Last year New York State set an ambitious energy goal: to generate 50% of its electricity from renewable sources by 2030. That means building more generation capacity, and right now there are eight proposed wind projects from northern St. Lawrence to northern Oswego counties. But Army officials and community leaders say building more wind turbines in Fort Drum’s airspace will make its aircraft and weather radar systems unreliable – which could impact training and readiness.
When wind turbines appear on aircraft radar, “it shows up like little flickering lights in a band where those wind turbines are located,” explains Brian Ashley, executive director of the Fort Drum Regional Liaison Organization.
Ashley says that’s no real technical solution to this. Instead, pilots and air traffic controllers just electronically cover up the spot where the flicker is. Ashley says the blacked-out spots from two existing wind developments near Fort Drum are already interfering with training and weather detection systems. And if the proposed projects are built in Fort Drum’s airspace – which covers from just south of Canton to the Tug Hill Plateau, and from Lake Ontario into the western Adirondacks – it could get even worse.
“If you have significant numbers of black holes on the radar screen, then you’ve really impacted the ability of that radar to be useful for training and for operations,” Ashley said.
Fort Drum is the largest single site employer in New York State. It brings over a billion dollars to the North Country economy every year. And its airfield allows soldiers to complete complex training and deploy fast.
“Fort Drum is, and I don’t say this lightly, the premier training installation in the Northeastern United States,” said Assemblywoman Addie Jenne.
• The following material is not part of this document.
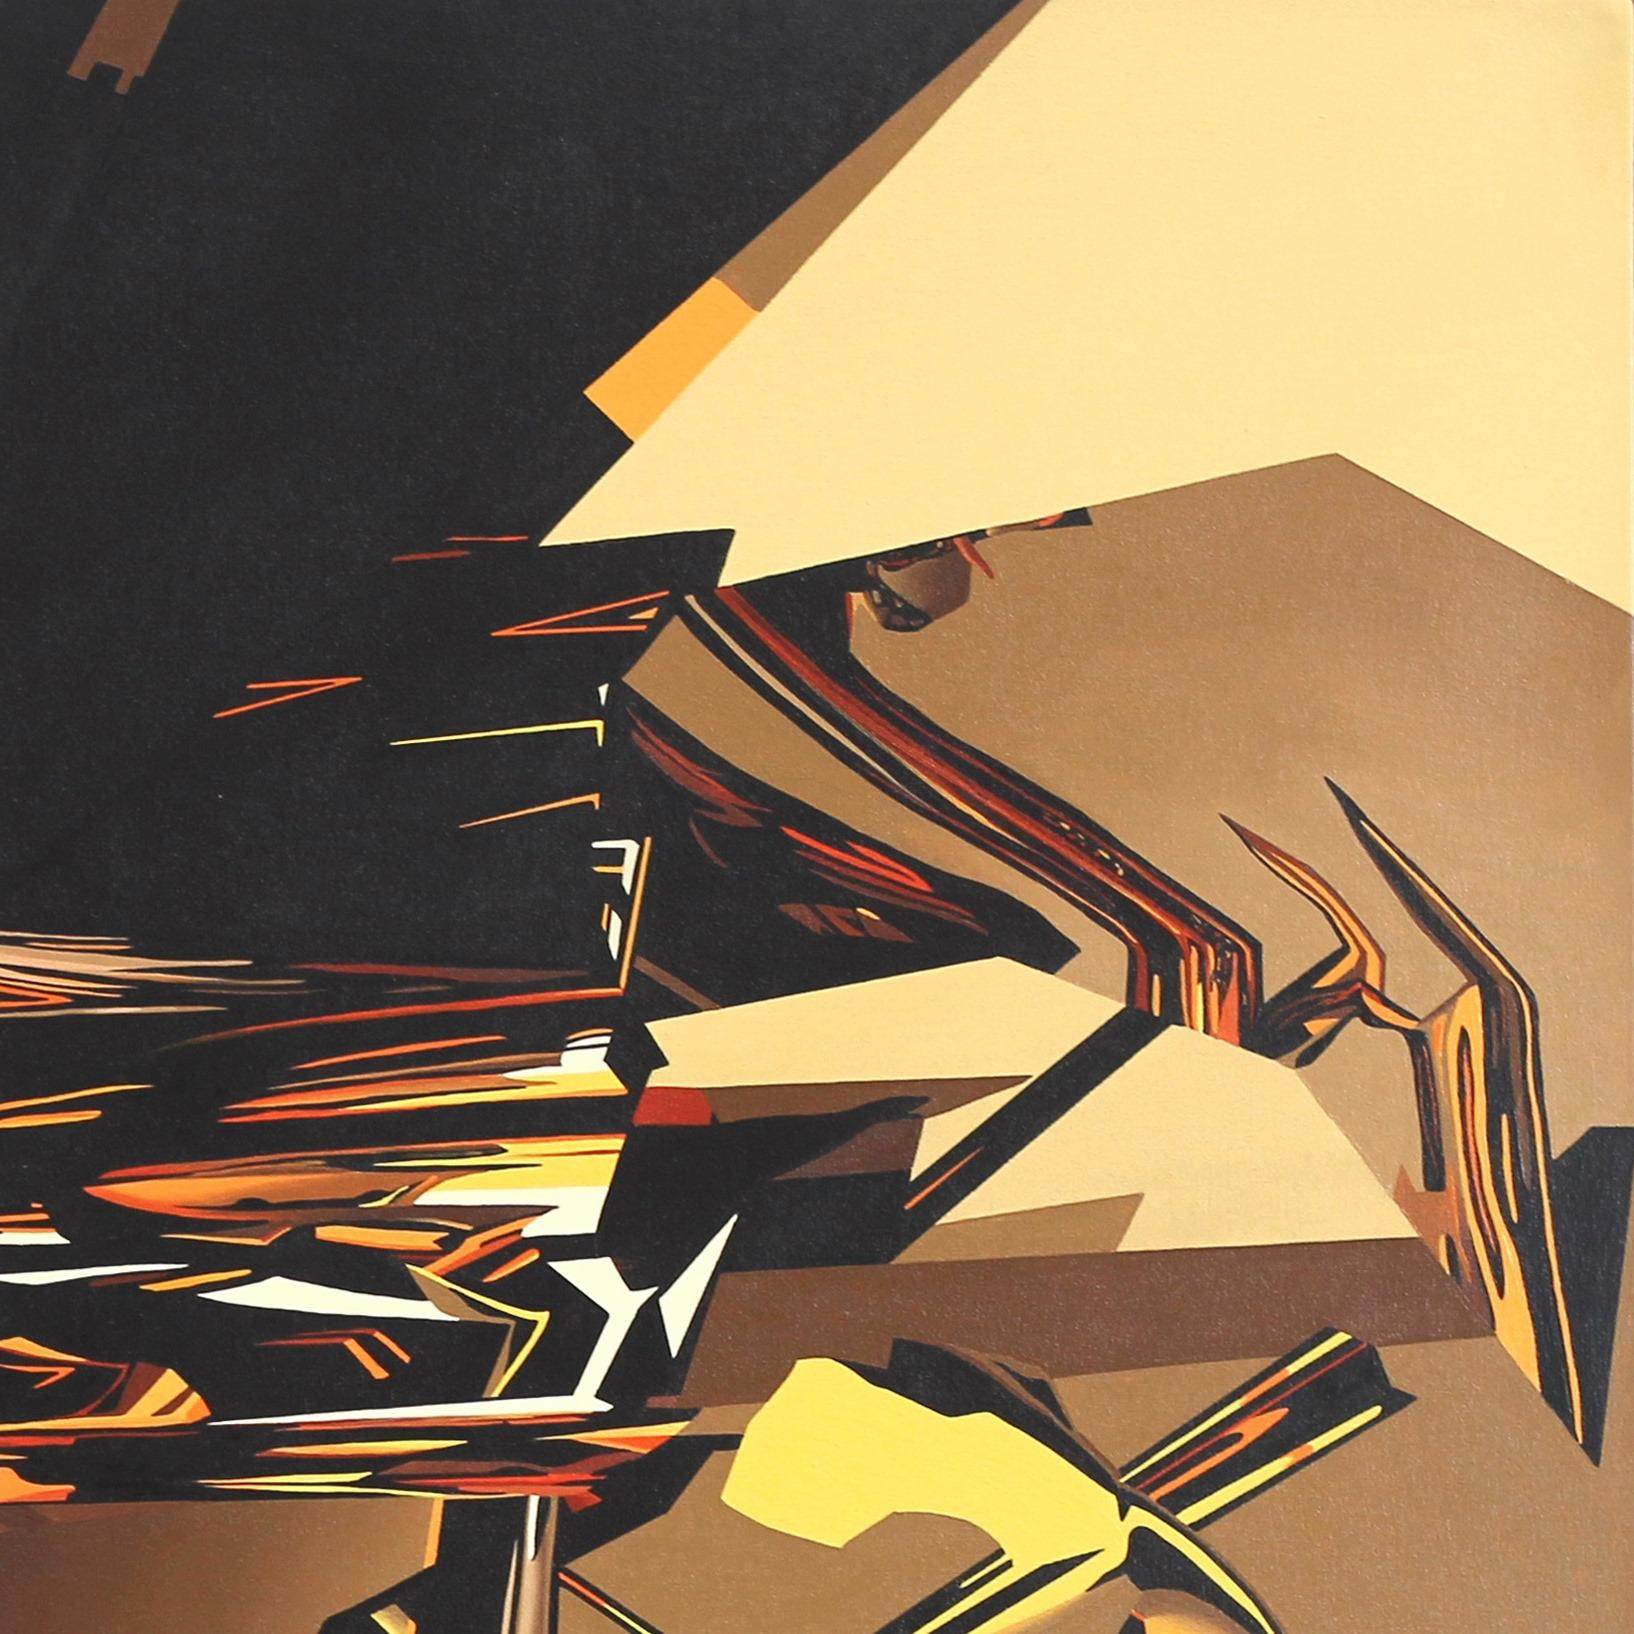 Combinant la peinture à l'huile photoréaliste sur toile avec l'illusion des graphiques créés par ordinateur, les œuvres d'art originales de Jose Carlos Zubiaur transcendent la profondeur d'un objet tridimensionnel hyperréaliste. À chaque coup de

She says keeping the base competitive, and regional weather radar accurate, is vital.
“We certainly need to make sure that the safety of our community – in terms of weather and also our national defense – is not compromised because of a big broad policy decision.”
Right now Jenne is meeting with wind project stakeholders around the region. She’s figuring out which of the eight proposed developments would most affect Fort Drum’s training capabilities. And she’s drafting legislation to prevent those developments from receiving state subsidies.
“I’m not looking to ban industrial wind development forever in the North Country,” Jenne said, “but I would much rather that our troops be training for whatever our government is going to require of them in the next several years.”
In a letter to the U.S. Army Chief of Staff last week, Congresswoman Elise Stefanik expressed her concern about the cumulative effective of wind development on Fort Drum.
Brian Ashley of the FDRLO says he’s not against renewable energy. He’d just rather those wind developments go somewhere else.
Wind power developments have to go through an extensive siting process and be approved by the Public Service Commission before construction can begin.